Walker,
I'm sorry for any miscommunication. We are saying the same thing. I maybe didn't word my statement well and therefore your confusion. First, the mid-point between 13 and 97 is (13+97)/2 is 55, not 61.5 as you said. So an L*50 in photoshop or the profile connection space will be, as I said, 55 in the print with that paper. So far so good. What you didn't understand from my wording was the whole thing with the patches. Instead of patches let's take a test chart in gray gamma 2.2. We open the test chart in photoshop, make sure we're in gray gamma 2.2, put the colorpicker in grayscale mode over the 50% patch and it reads K- 50%. Good. Now, what is the ideal L value going to be for that patch in a print on the previously mentioned paper? Continuing on, let's print a different test chart created in dot gain 20, making sure we are in dot gain 20, we then grab the color picker in grayscale mode, put it over the 50% patch and it reads K-50%. What is the ideal L value going to be for that patch in a print on that paper? Repeat again with a test chart in gray gamma 1, which we agree is the same as L. What the ideal L value for the 50% patch?
So now let's looks at how you interpreted what I was asking, and the real values of the patches. You read the L values for wherever L*50 was in the photoshop file. In our hypothetical printing situation, how, I'm not sure since L*50 in gamma 2.2 lands somewhere around the 54% patch. So unless you are printing a 100 step tablet, it's going to be hard to read without extrapolating between patches. Although we know it's going to always be 55 for that paper, so there's no need to read anything. This brings me to my next point- you said
"Long story short: keep your target in the grayscale space of your images. If you images are Dot Gain 20, your target should be. If you images are gray gamma 1.0, your target should be. We, as an industry, have settled on gray gamma 2.2."
I disagree. One can convert a file to gray gamma 2.2 or dot gain 40 or gray gamma 2.789 and the L values stay the same. As long as you can keep the underlying values straight by not confusing convert and apply profiles, and remember to embed a profile, you'll be fine. As you said, the L values are usually device independent. I can print a photo in gray gamma 2.2 then convert it to dot gain 20 and they will come out the exact same since the underlying lab values in the pcs have not changed.
One more thing- You said
"Trouble happens when the target is gray gamma 2.2 and images are dot gain 20"
I guess that's sort of true. More correctly, the problem is a misunderstanding between apply profile and convert to profile. I can easily print a gray gamma 2.2 target in either gray gamma 2.2 or dot gain 20, or dot gain 40 and get the same results if I convert between profiles before printing.

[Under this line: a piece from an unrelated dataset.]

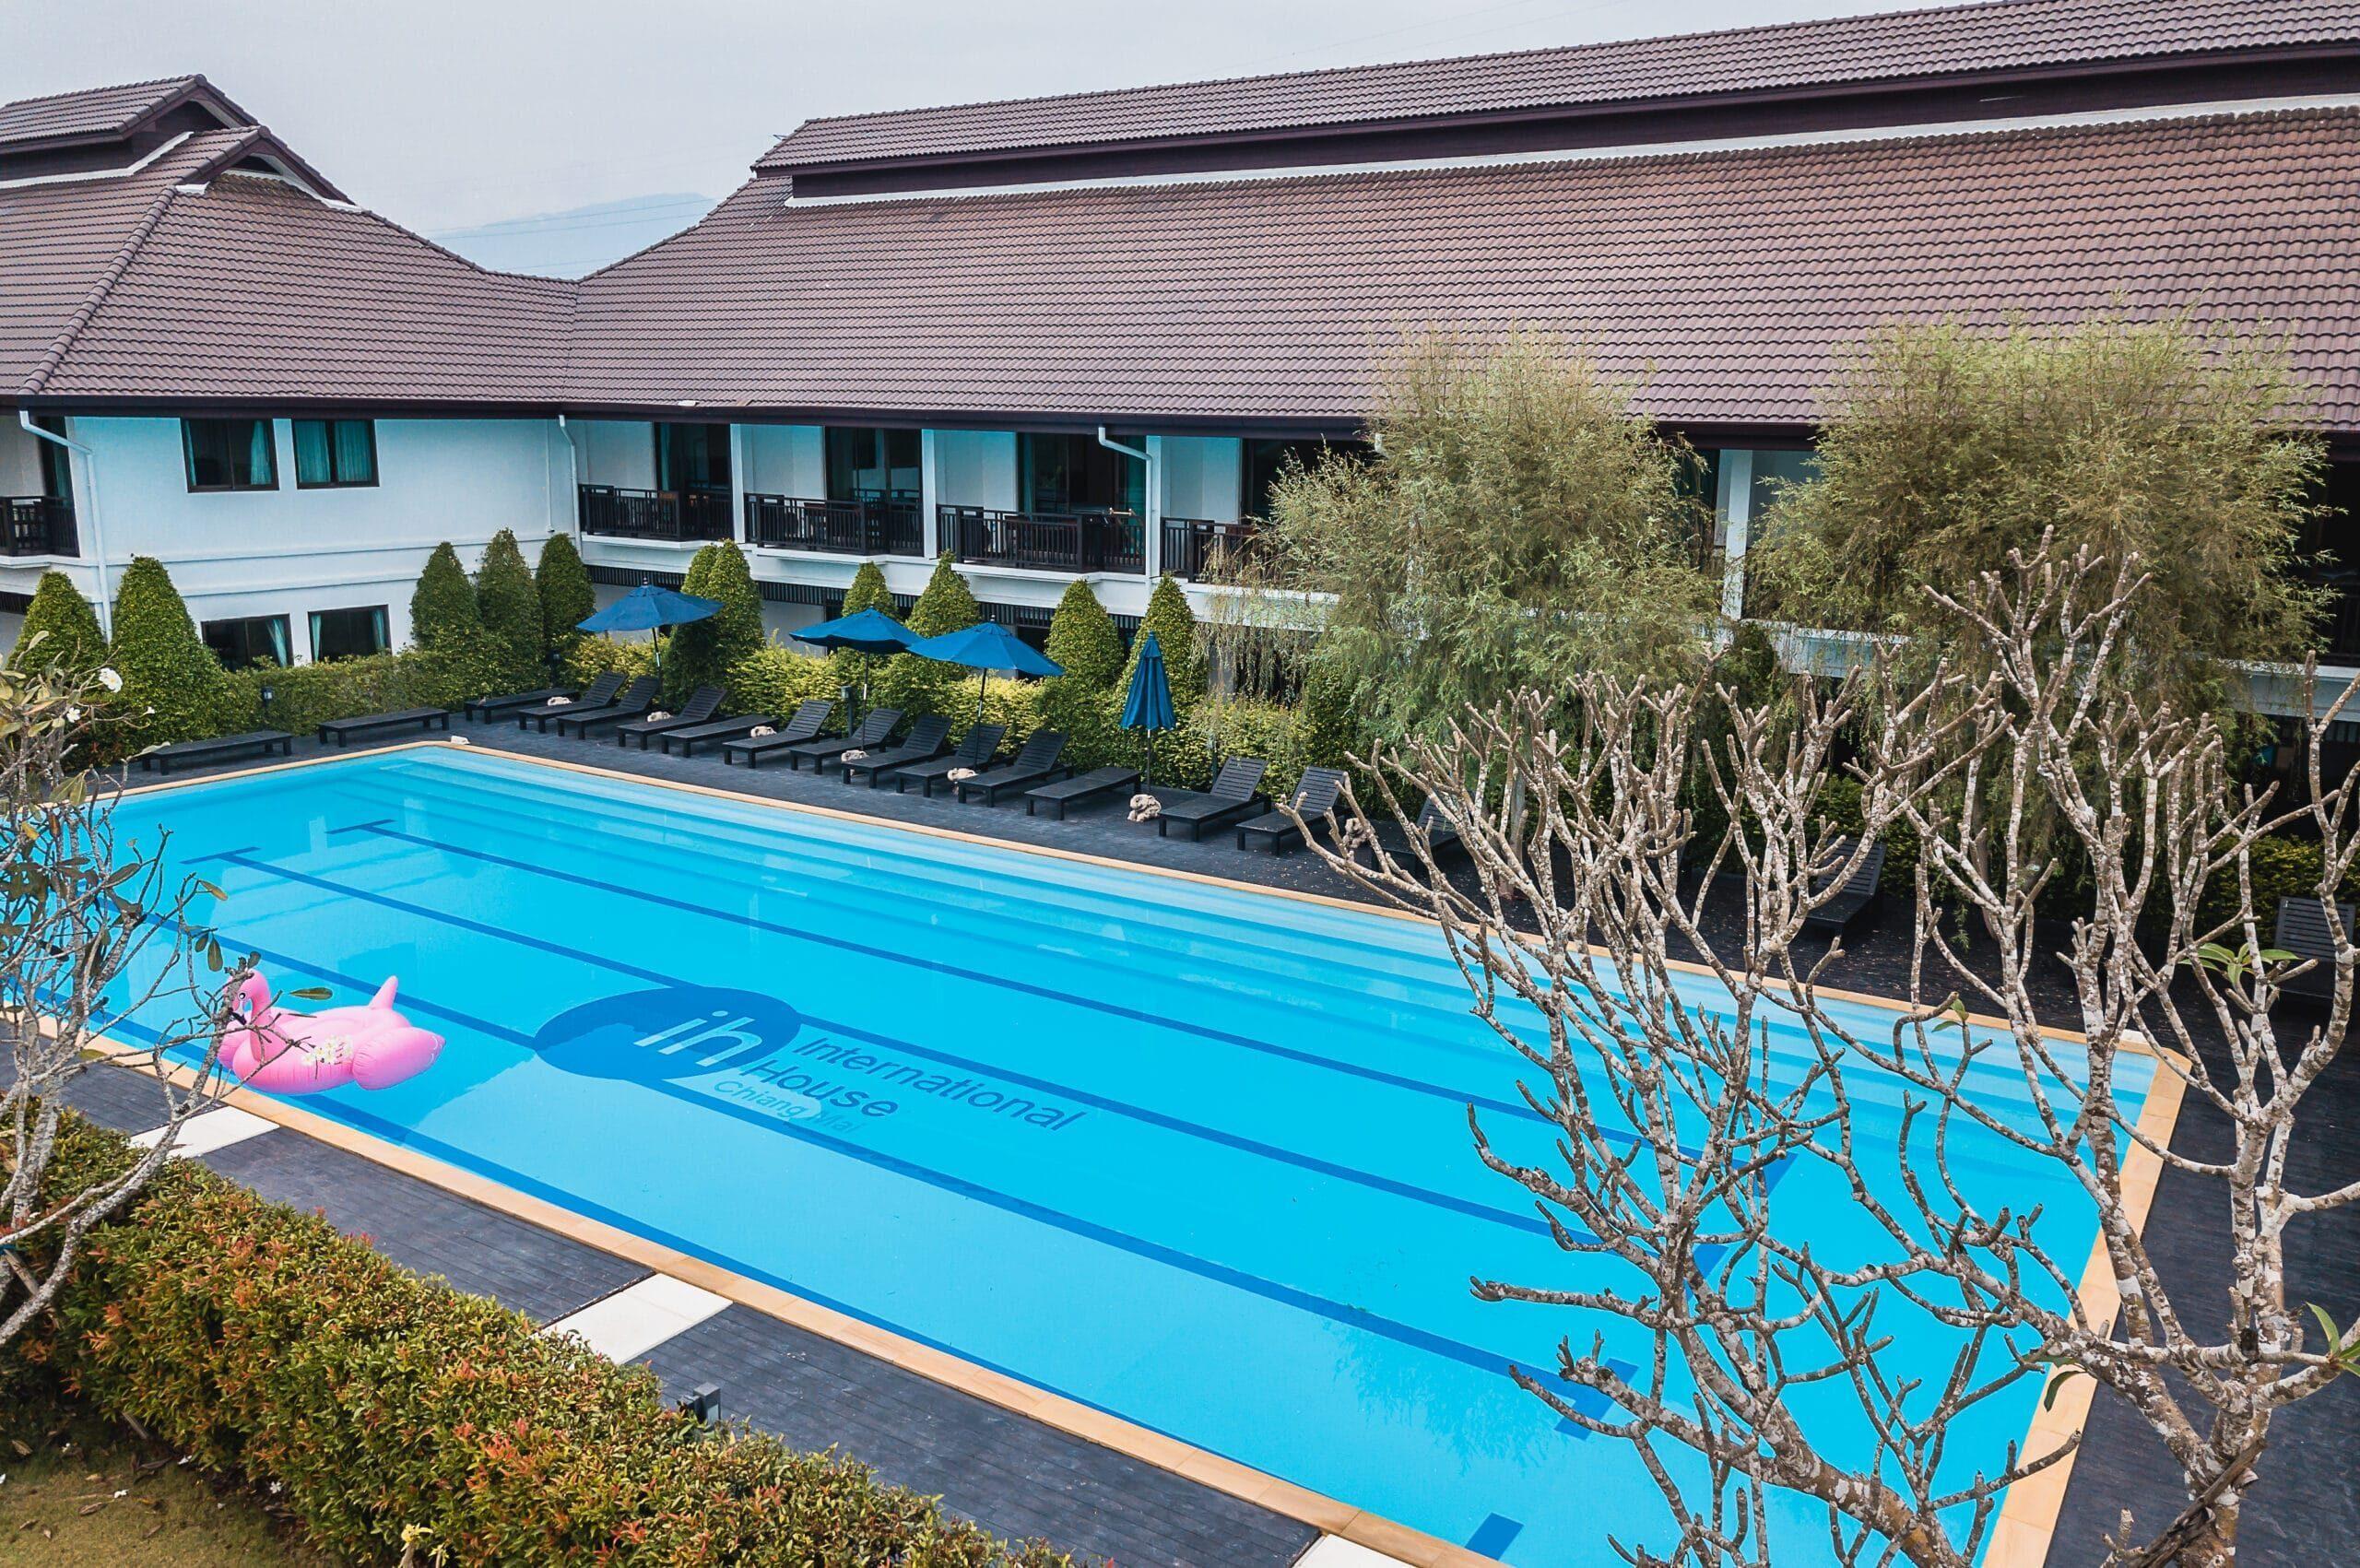 A Drone Shot - 4 - Accommodation + Pool - IH Chiang Mai -

Applying a different profile will cause trouble. When I get photos from clients, the only trouble could happen when there is no embedded profile. If a client sends me a photo without an embedded profile, I can guess at what profile it was in. But let's say the client's photo was in dot gain 20, and photoshop opens it up and applies the gray gamma 2.2 profile. The same trouble happens, but in reverse of what you said. The wrong profile was applied, and the meaning of the lab values have changed.
Honestly I was just trying to help Sandy King with a calibration issue. I'm not trying to figure out anything or trying to do anything. I don't even use qtr. In the end we are saying the same thing, you know your stuff, but communication in forums is always awful.